WHAT YOU ARE ASKED TO DO:
For the material below, return exactly the lines starting at the one holding "Christmas tree with" and ending at the one holding "This Dreamy Time", counting both as part of the range.

MATERIAL FOR THIS TASK:
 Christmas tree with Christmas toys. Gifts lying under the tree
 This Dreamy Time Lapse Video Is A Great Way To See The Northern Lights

==

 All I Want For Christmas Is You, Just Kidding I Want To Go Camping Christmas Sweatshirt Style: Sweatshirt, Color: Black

YOUR RESPONSE:
 Christmas tree with Christmas toys. Gifts lying under the tree
 This Dreamy Time Lapse Video Is A Great Way To See The Northern Lights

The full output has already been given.